● Data below
# # # #

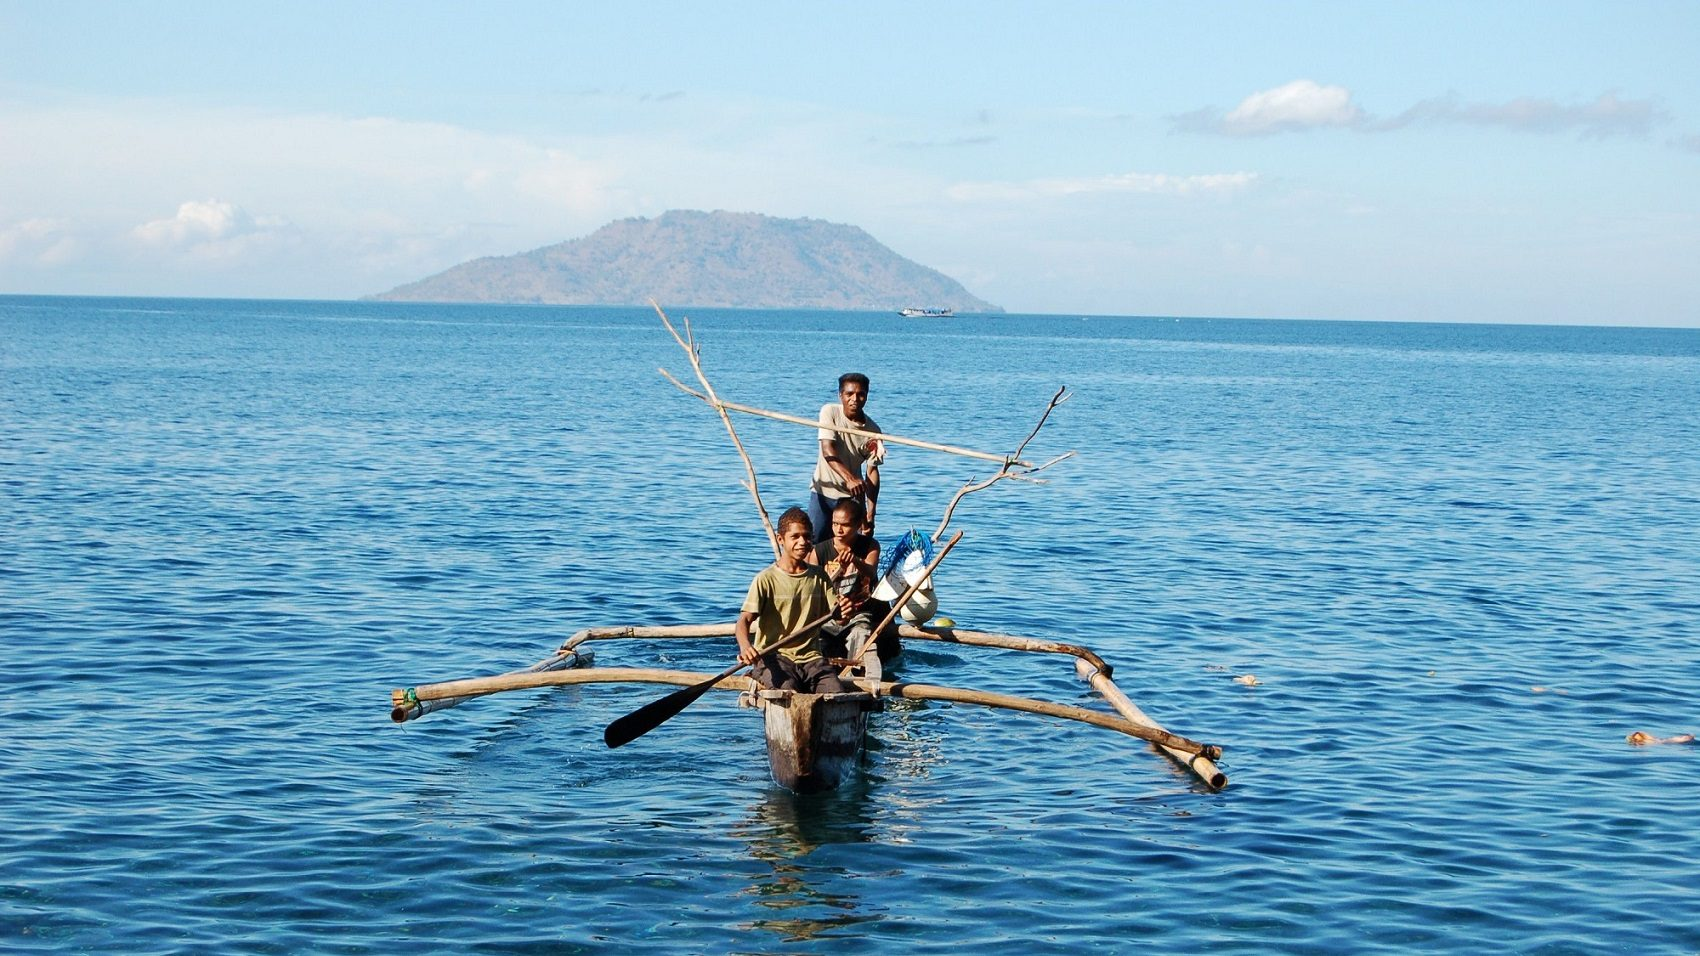 Omgeving van de Alor-Pantar eilanden. (Foto: Marian Klamer)
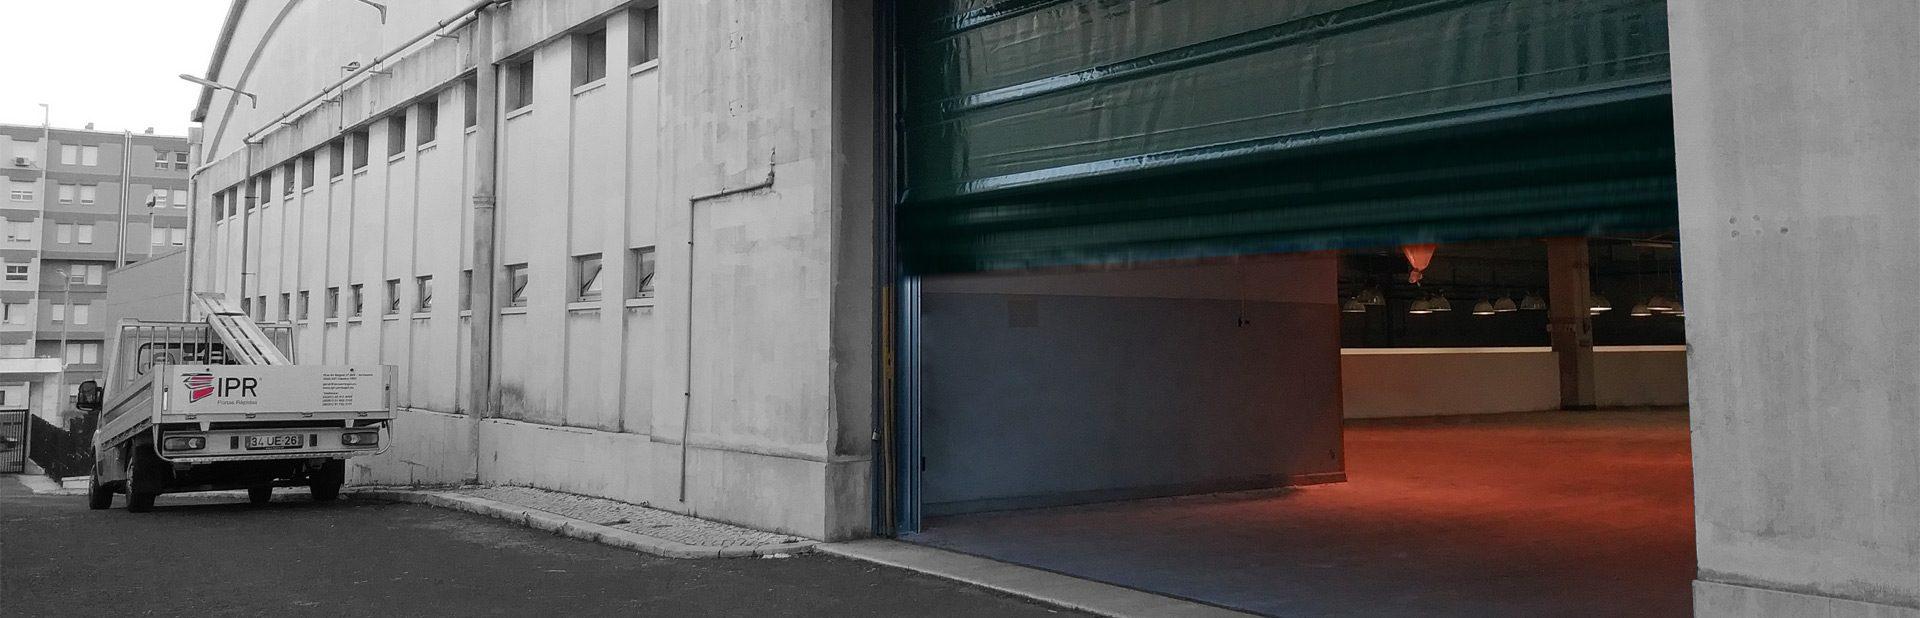 Porta rápida industrial dobrável (fold up) - IPR Belt
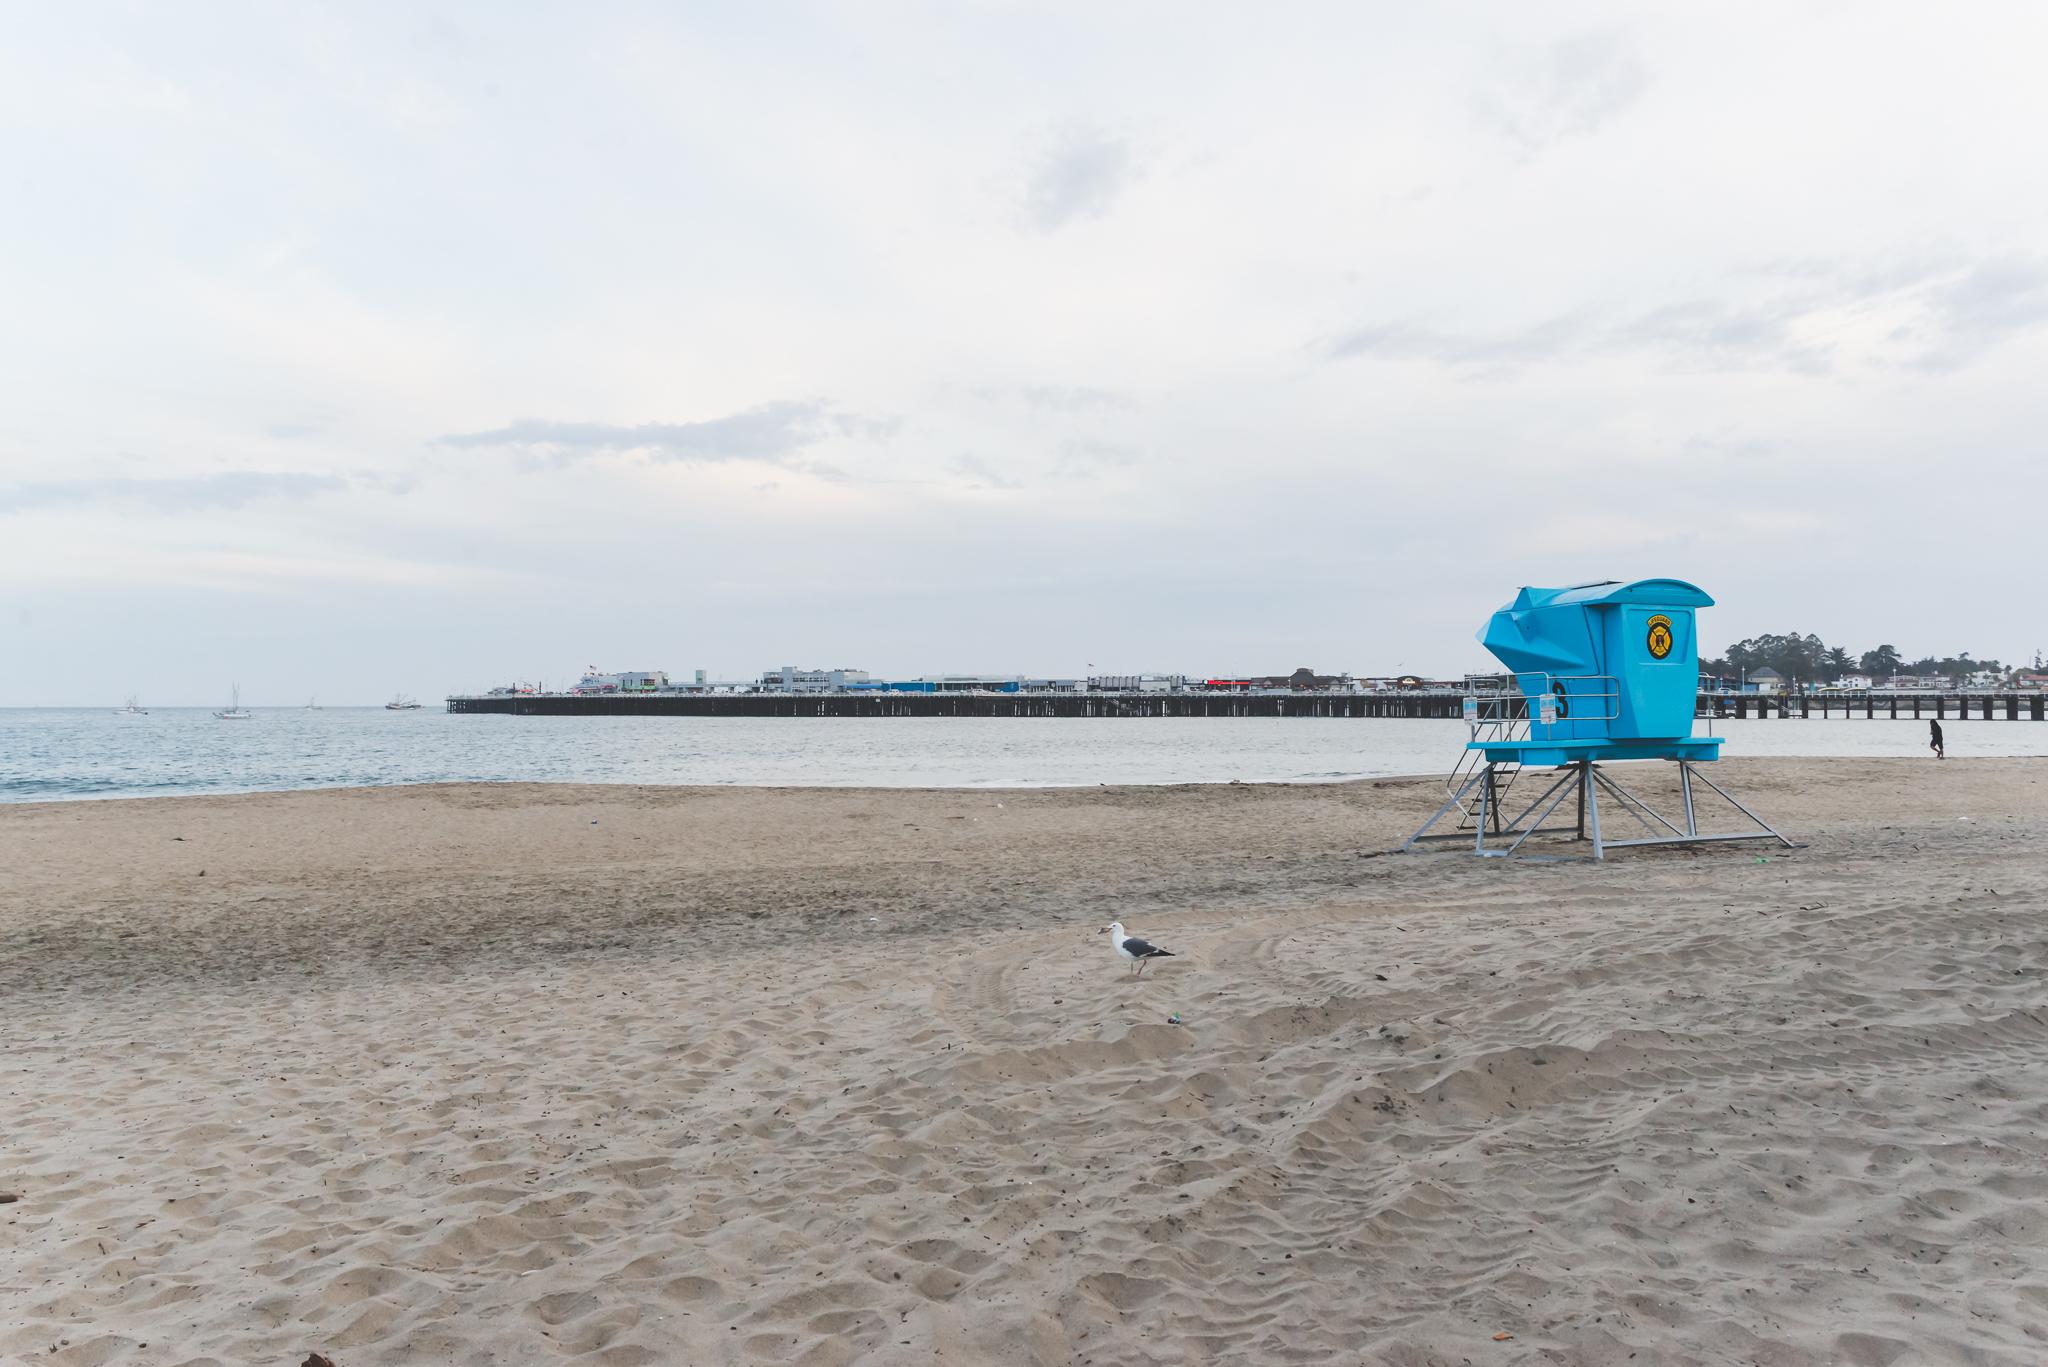 Lifeguard stand. / 5/3/16 / Santa Cruz, CA

# # # #

Return the lines above exactly; the images are not part of the copy.

 Omgeving van de Alor-Pantar eilanden. (Foto: Marian Klamer)
 Porta rápida industrial dobrável (fold up) - IPR Belt
 Lifeguard stand. / 5/3/16 / Santa Cruz, CA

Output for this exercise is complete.